--- STORED DATA Enclosed Below ---

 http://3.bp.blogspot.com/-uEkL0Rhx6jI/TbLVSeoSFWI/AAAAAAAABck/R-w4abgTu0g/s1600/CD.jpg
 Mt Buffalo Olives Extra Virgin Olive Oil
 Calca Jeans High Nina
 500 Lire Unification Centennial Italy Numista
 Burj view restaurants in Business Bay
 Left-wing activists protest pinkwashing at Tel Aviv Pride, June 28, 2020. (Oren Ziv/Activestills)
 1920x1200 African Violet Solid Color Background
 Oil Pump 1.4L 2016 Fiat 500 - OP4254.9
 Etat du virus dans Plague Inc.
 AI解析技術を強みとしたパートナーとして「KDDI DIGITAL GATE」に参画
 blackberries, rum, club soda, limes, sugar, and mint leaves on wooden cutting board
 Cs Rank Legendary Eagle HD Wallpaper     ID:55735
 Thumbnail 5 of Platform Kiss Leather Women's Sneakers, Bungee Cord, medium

--- End of Enclosed STORED DATA ---

After locating the line with "blackberries, rum, club", please repeat it and every line after it exactly, through the end of the data above.

EXPECTED ANSWER —
 blackberries, rum, club soda, limes, sugar, and mint leaves on wooden cutting board
 Cs Rank Legendary Eagle HD Wallpaper     ID:55735
 Thumbnail 5 of Platform Kiss Leather Women's Sneakers, Bungee Cord, medium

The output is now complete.